PEARL HARBOR, Hawaii -- Nancy Lynne Wagner died three days after she and her twin sister, Mary, were born in 1937.
Her body was cremated and her ashes stayed with her father, Chief Yeoman Albert T.D. Wagner, through tours of duty in China and then aboard the USS Utah at Pearl Harbor as he waited for a Navy chaplain to perform a burial at sea.
When Japanese torpedoes hit the Utah, Wagner escaped -- but the baby's ashes remained entombed in the ship, along with the remains of 54 of the Utah's men.
"I've always thought it was an absolute beautiful thing," said Nancy's twin, Mary Kreigh, 64. "I could not have wanted more than to have my sister's ashes guarded by all the men of the U.S. Navy."
Kreigh has become the Utah survivors' adopted "first daughter," their public relations director and their reunion organizer. She's especially excited about this year's 60th anniversary: For the first time, a ceremony will be held aboard boats near what survivors call the forgotten memorial, the sunken Utah.
After a bell ringing ceremony, the survivors will throw orchids onto their fallen shipmates and a bagpiper will play as the flag is lowered at sunset.
Access restricted
Unlike the USS Arizona Memorial, a large structure straddling the sunken battleship that draws thousands of visitors each year, few people know the USS Utah Memorial exists.
Dedicated in 1972, the simple white L-shaped pier is on the west side of Ford Island, overlooking the rusted hull of the ship breaking the harbor surface. Access to the memorial pier, which is next to a working Navy pier and is less visible from Honolulu, is restricted because of its location on a Navy base.
The National Parks Service operates tours from a large visitors center for people wishing to see the Arizona, but civilians who want to visit the Utah must be escorted by a member of the military.
Bill Hughes, a Utah survivor who maintains the group's Web site, said the ship doesn't get credit for its contribution to the Navy.
"We trained dive bombers. We trained people to shoot down aircraft. We were also a submarine target ship," said Hughes, 79, of Grand Prairie, Texas. "Some of the most advanced technology available was on the Utah.
"But we've been forgotten because we're on an active naval base."

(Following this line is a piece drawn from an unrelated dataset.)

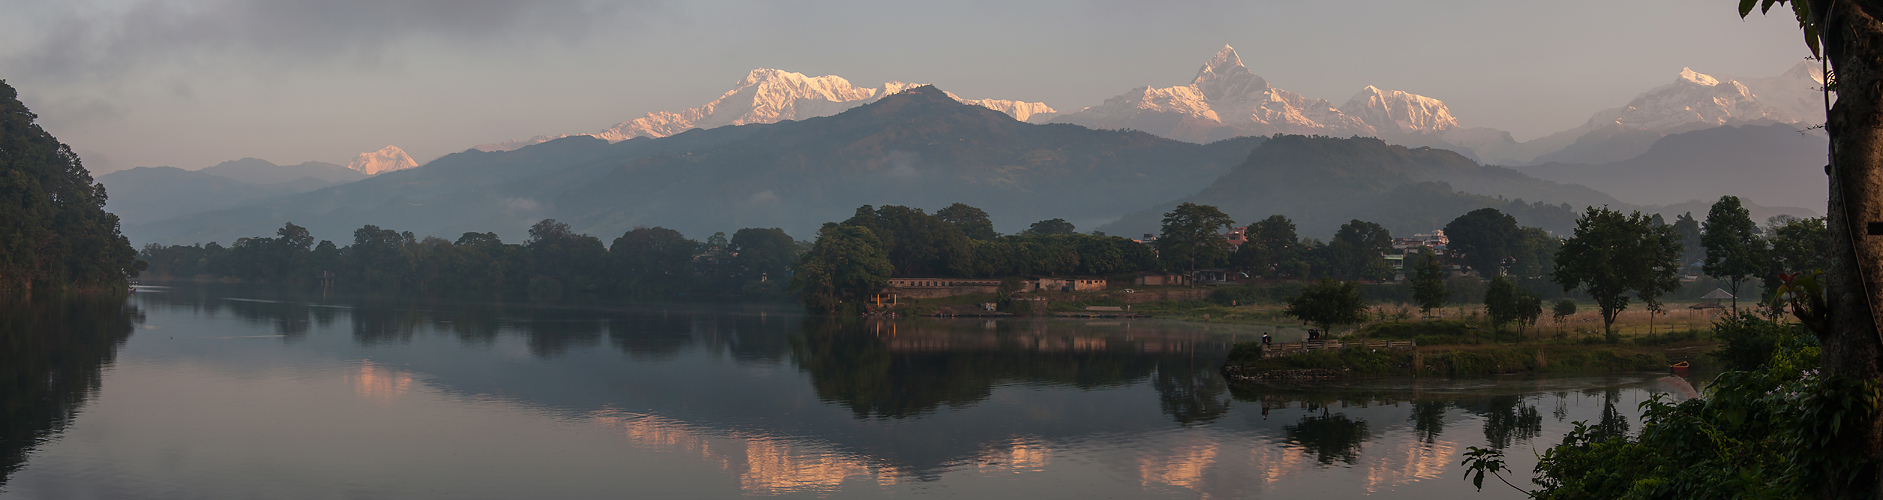 Phewa Lake in Pokhara (Nepal) von Dietrich Kunze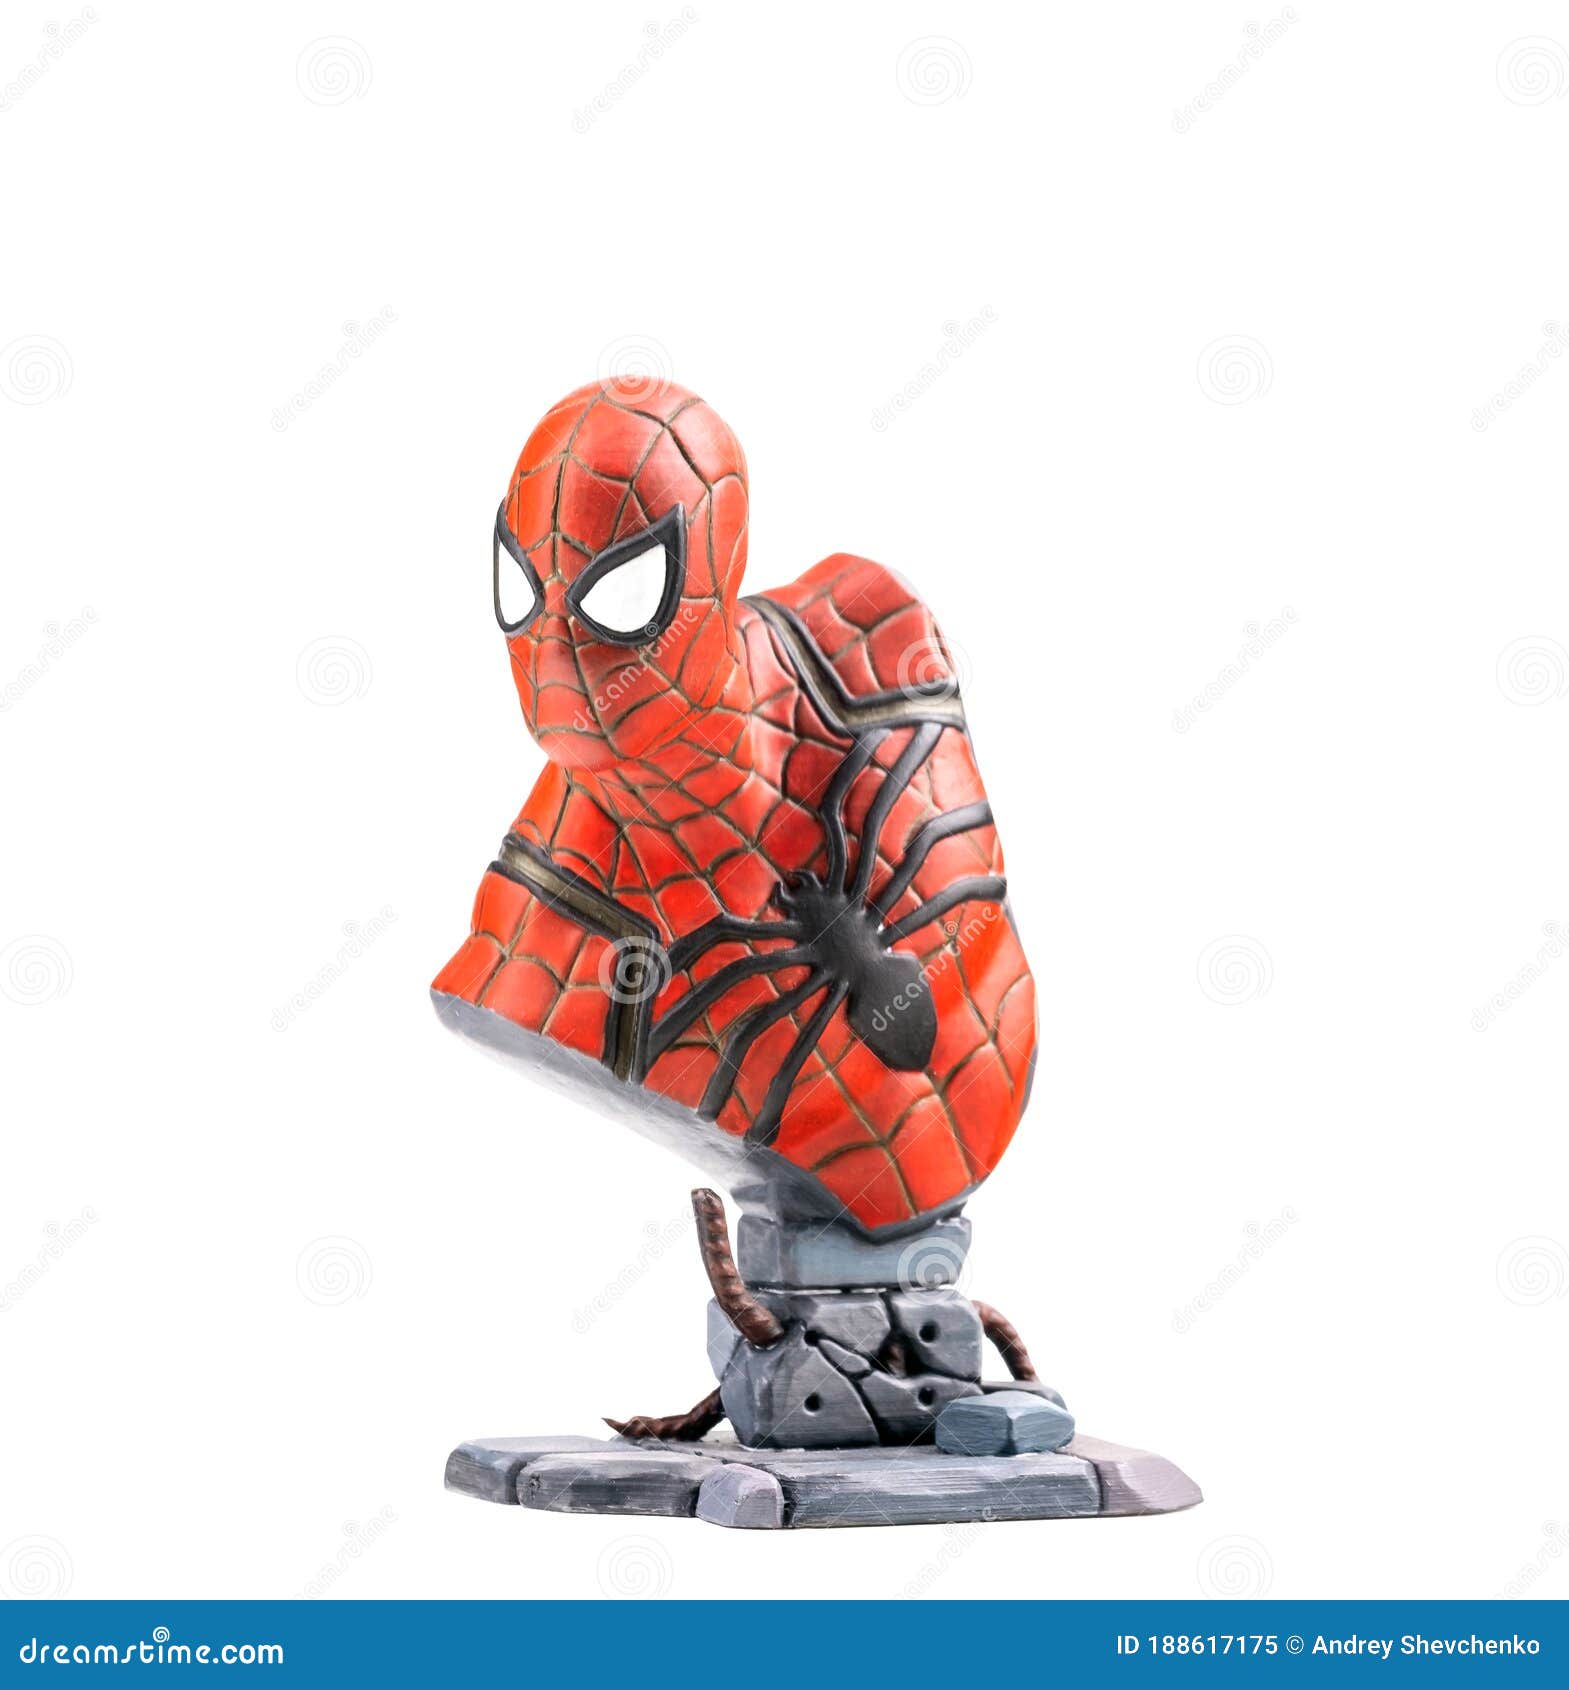 Bạn tò mò về cách Spider-man được in trên máy in 3D trên nền màu trắng độc đáo? Hình ảnh về sản phẩm Marvel này sẽ khiến bạn thích thú! Với thiết kế xuất sắc và độ chân thực ấn tượng, chiếc máy in 3D này mang đến một trải nghiệm thú vị cho những người yêu thích vũ trụ Marvel và siêu anh hùng Spider Man.

The Utah was first commissioned in 1911 as a battleship with a crew of 900, and was recommissioned in 1932 as a target ship. It decks reinforced with timber, the Utah had a crew of about 500 in 1941 when Japanese torpedoes tore through her hull, killing 58 men. Fewer than 140 survivors remain today.
The bodies of 54 men remain entombed on the sunken ship.
Kreigh, who lives in Lompoc, Calif., has brought a renewed enthusiasm to the Utah survivors and attention to the memorial, even getting a hotel to sponsor the trip to Hawaii for one survivor who couldn't afford to pay his way to the anniversary.
"She represents the sprit of the people who support her," said Chief Phil Eggman of the Navy's public affairs office at Pearl Harbor, who is organizing the 60th anniversary ceremony.
Kreigh's husband, David, who was in the Air Force, died in 1995 and she lost her mother in 1997. Her son Daniel, 40, and daughter Nina, 42, will be with her in Honolulu in December, along with the men of the Utah.
Kreigh's father died in 1975. At 34, he was one of the older men at Pearl Harbor, she said.
"I can just hear him saying 'my oh Mary, I'm so proud of you.'
"The Utah is my family," she said. "The men are my family. It has been delightful."